▸ Exercise goal
Set down, exactly and only, everything from the line containing "Market Segment Report: GCC" down to the line containing "S&T Vessel Dilator" in the data below; the pictures are not part of the copy.

▸ Recorded data

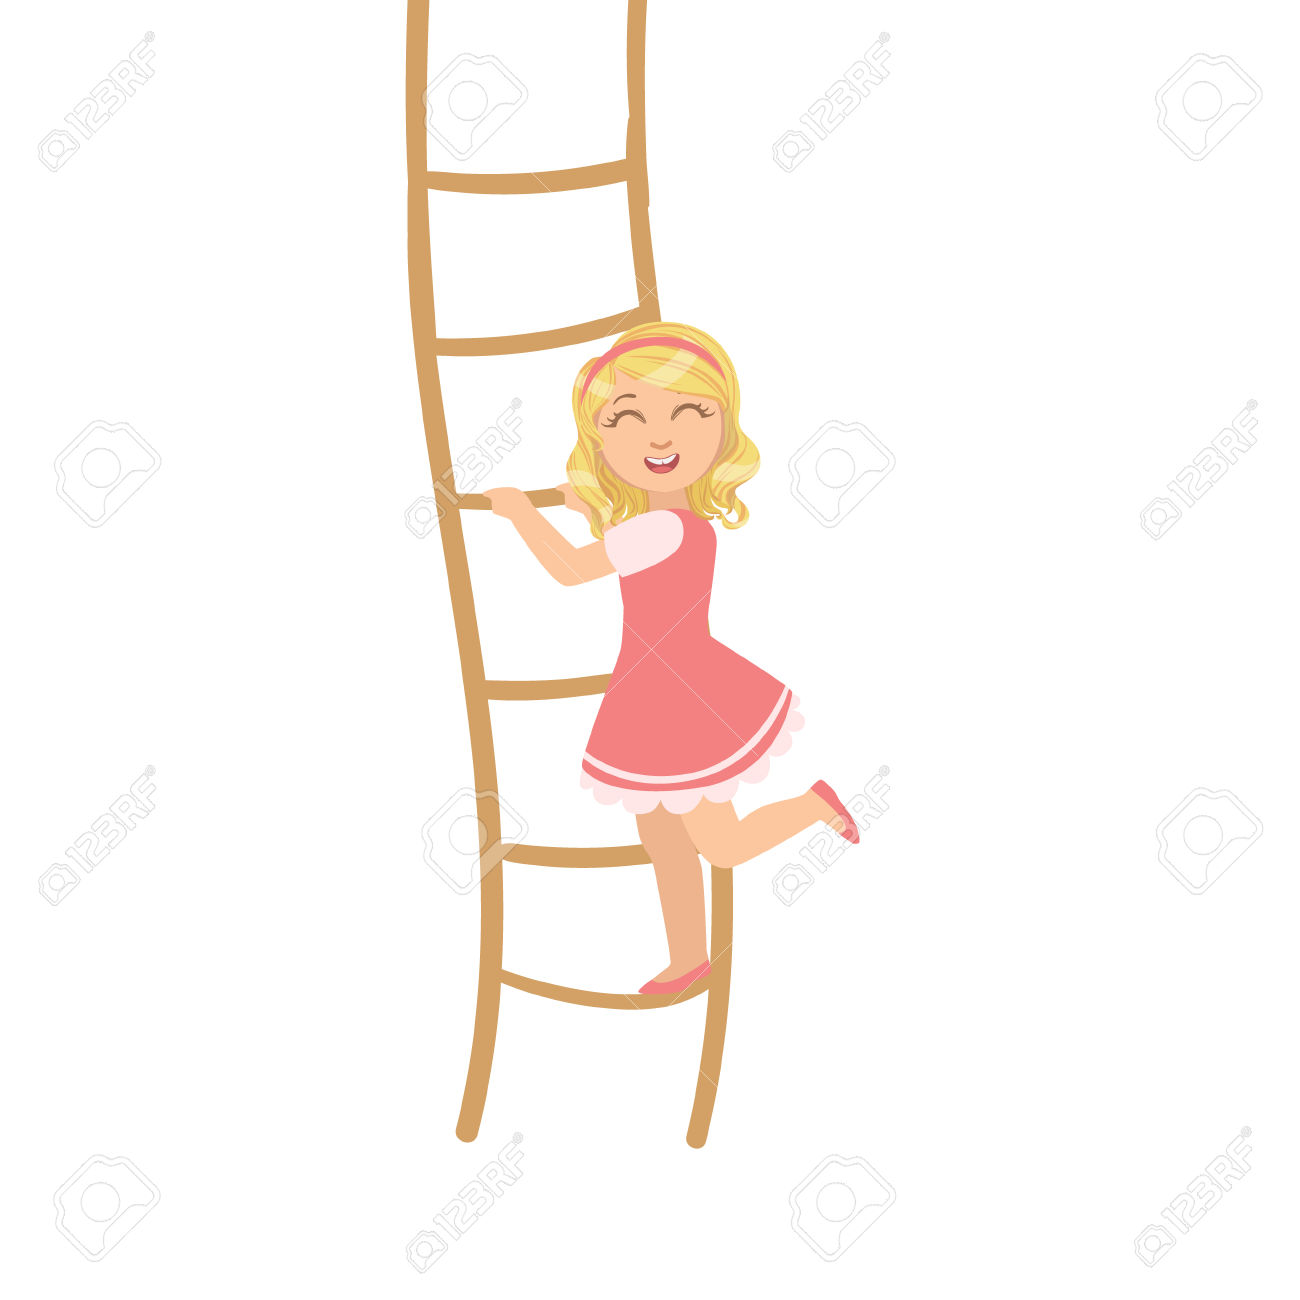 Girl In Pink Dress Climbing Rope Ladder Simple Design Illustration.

---

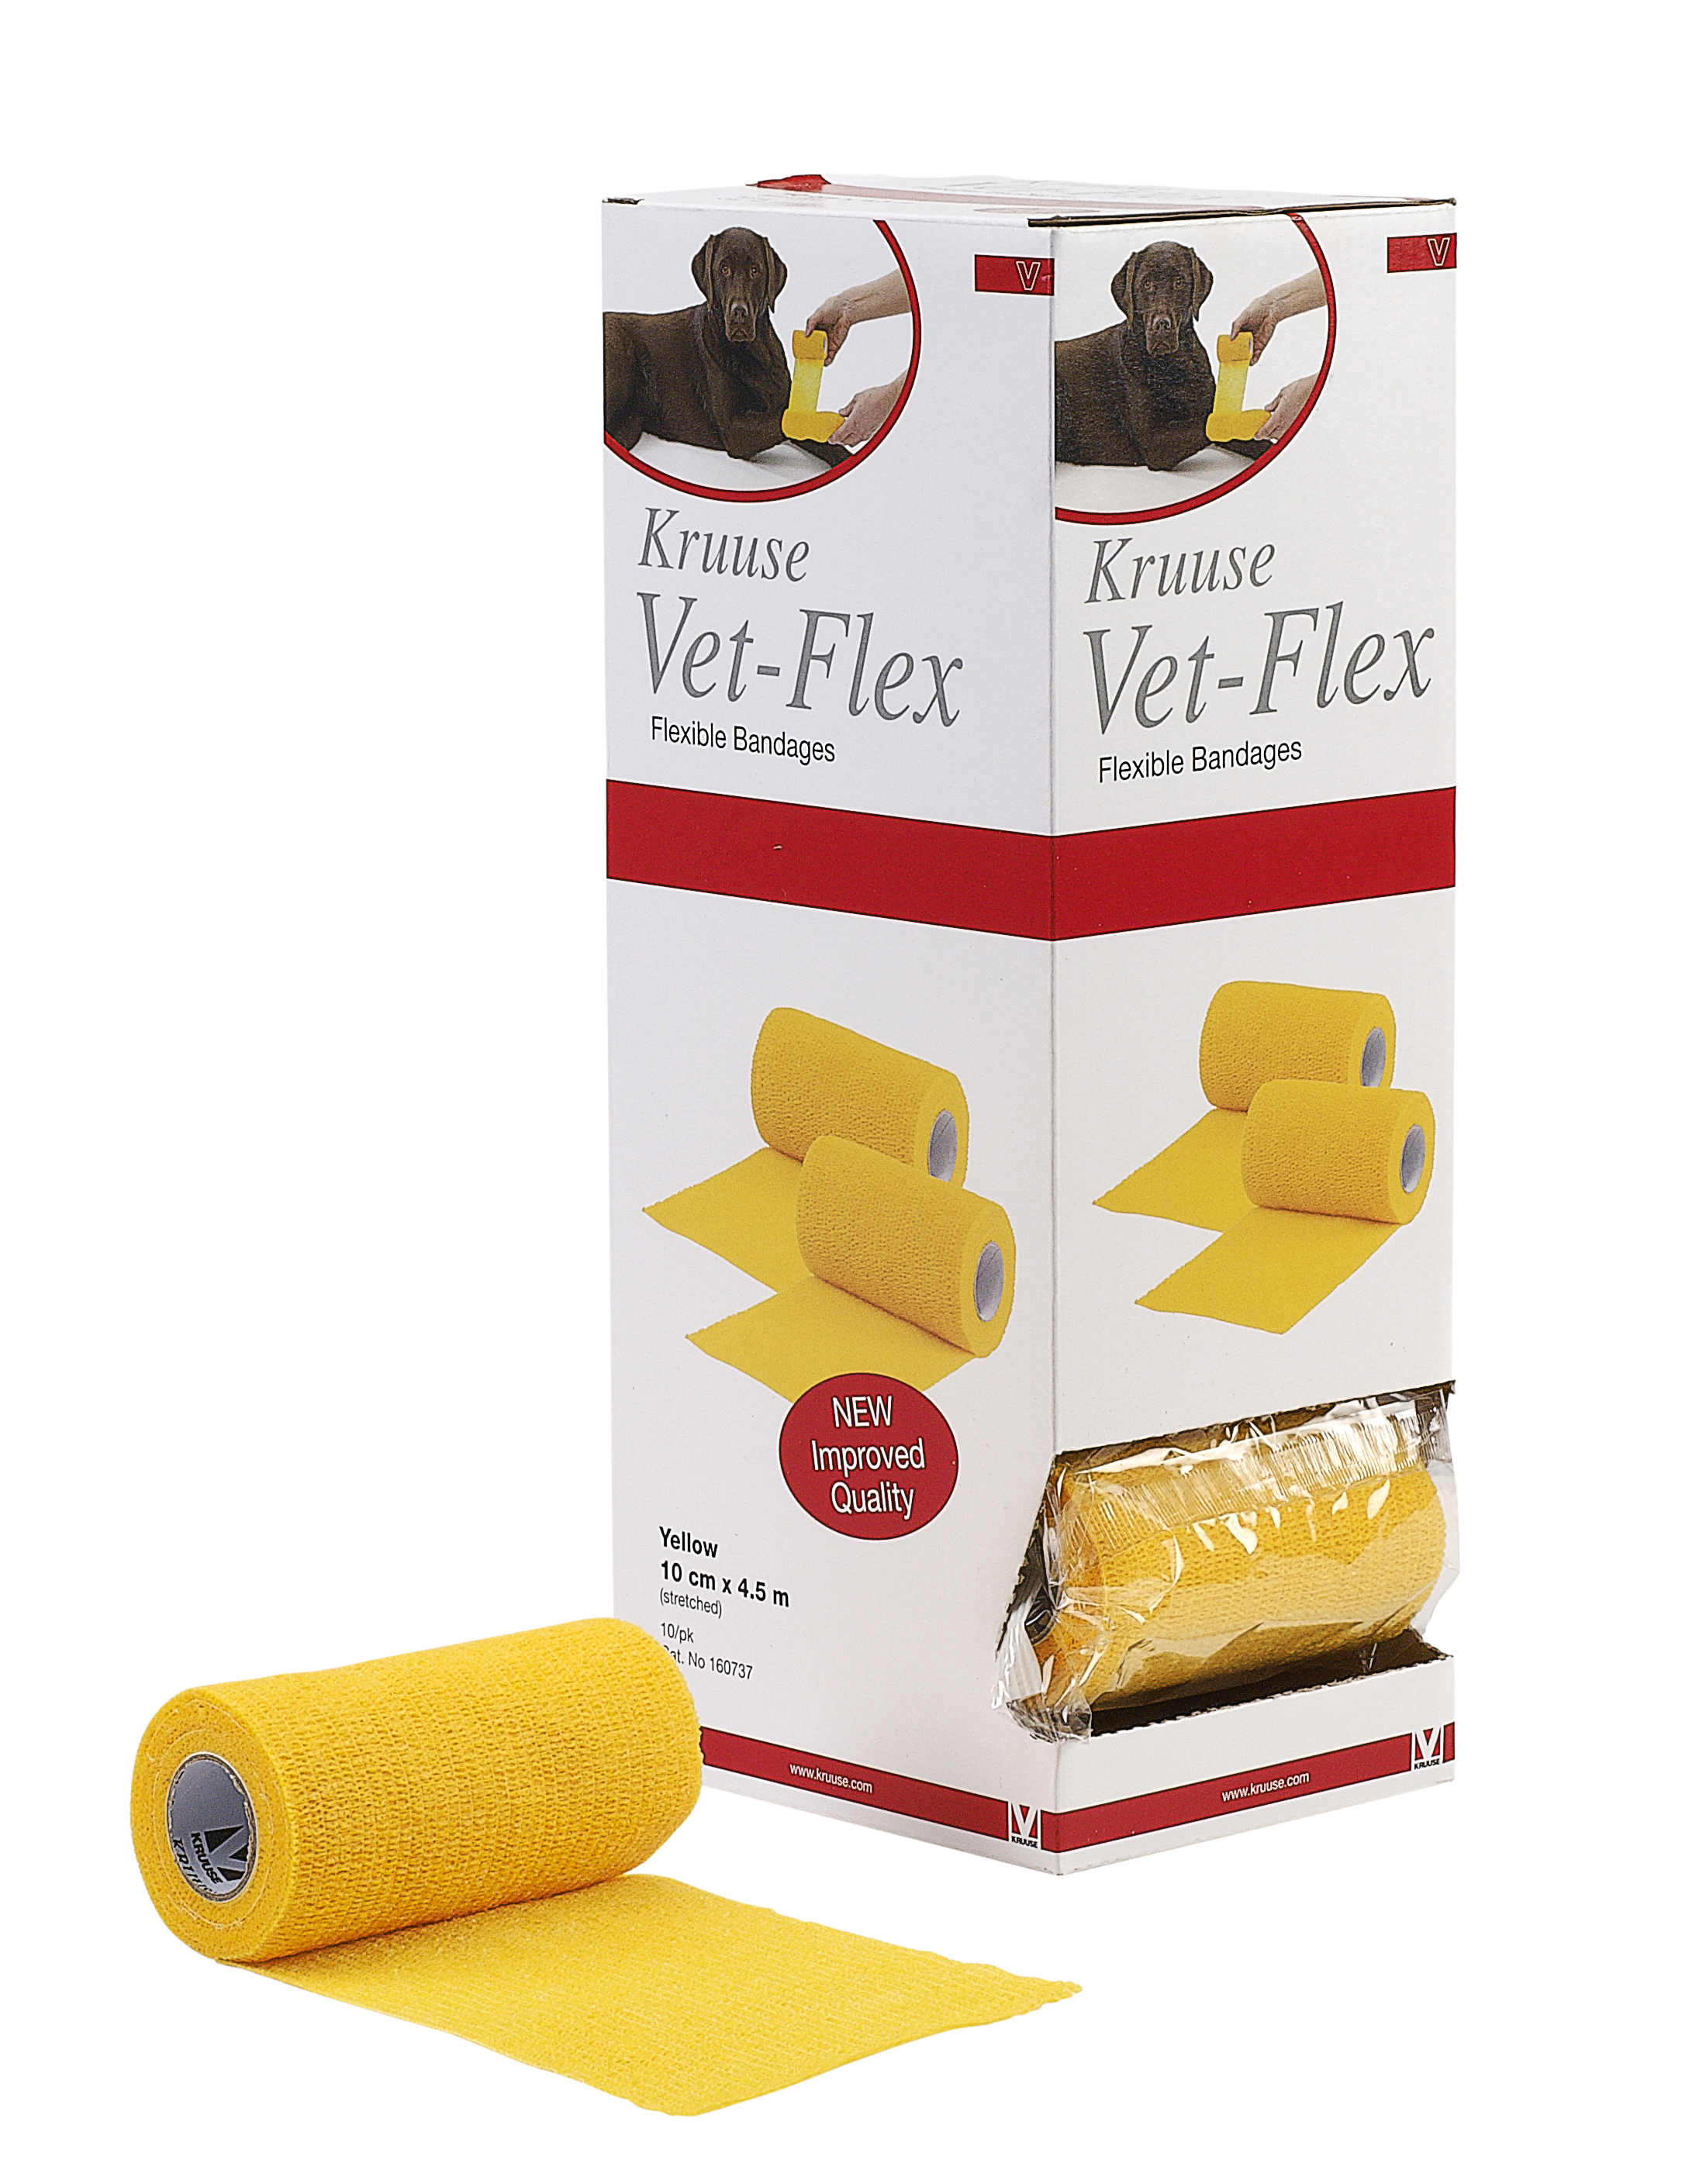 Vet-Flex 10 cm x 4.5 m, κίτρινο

==

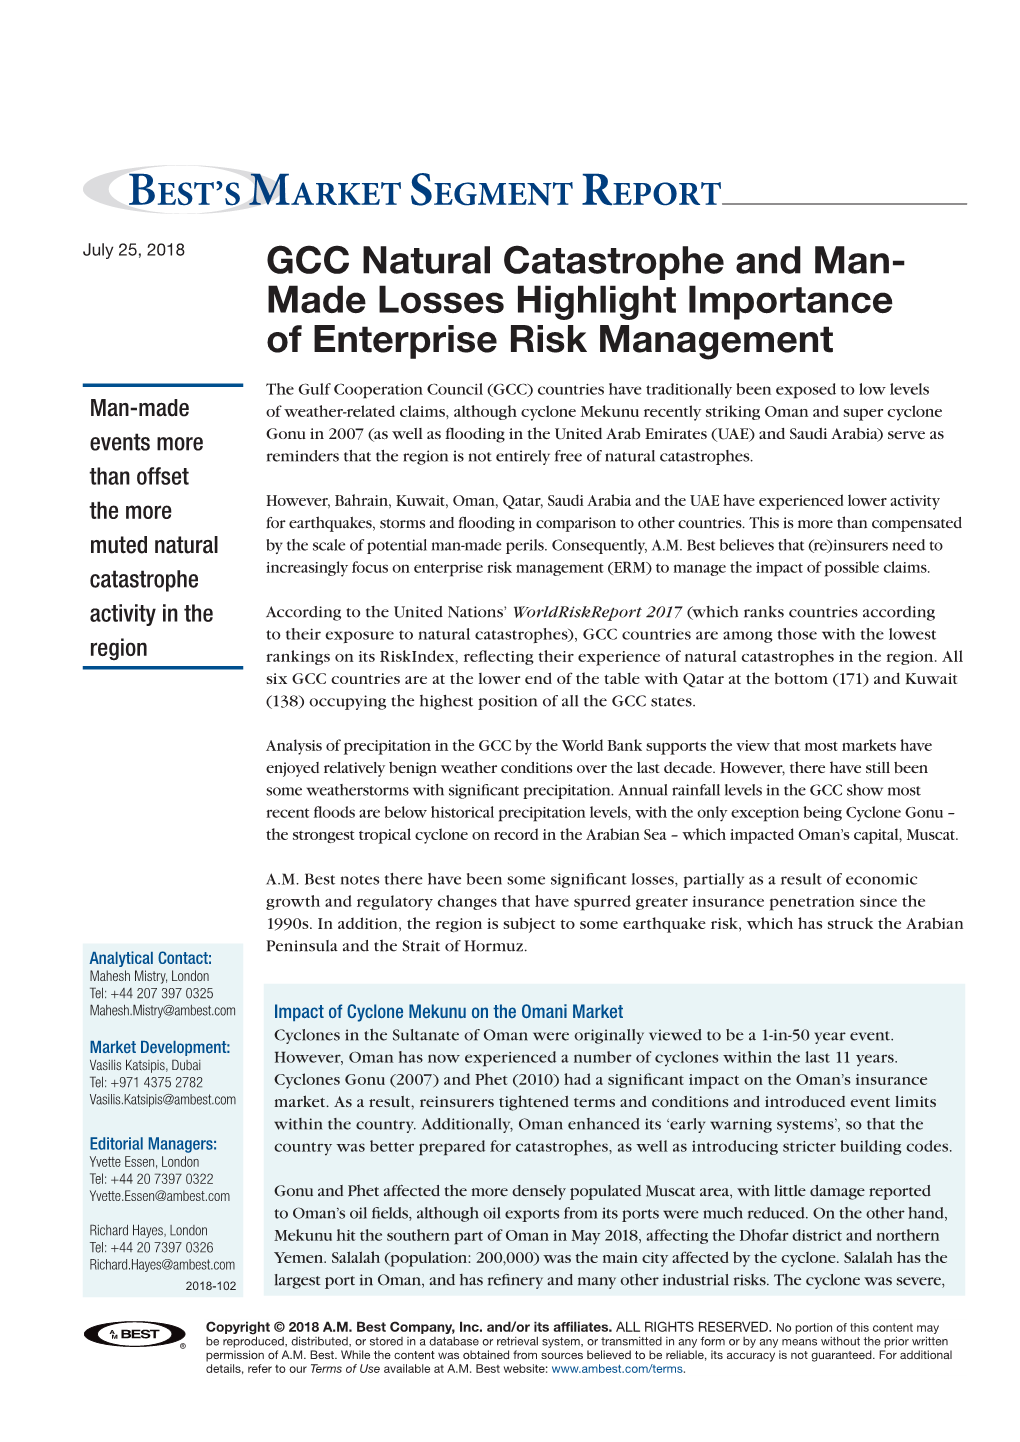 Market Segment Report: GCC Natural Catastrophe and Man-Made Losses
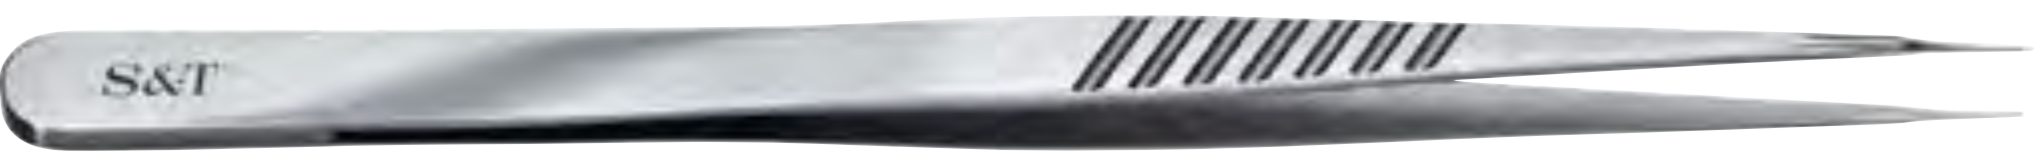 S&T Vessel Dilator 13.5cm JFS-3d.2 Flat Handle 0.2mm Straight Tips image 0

▸ The completed task
 Market Segment Report: GCC Natural Catastrophe and Man-Made Losses
 S&T Vessel Dilator 13.5cm JFS-3d.2 Flat Handle 0.2mm Straight Tips image 0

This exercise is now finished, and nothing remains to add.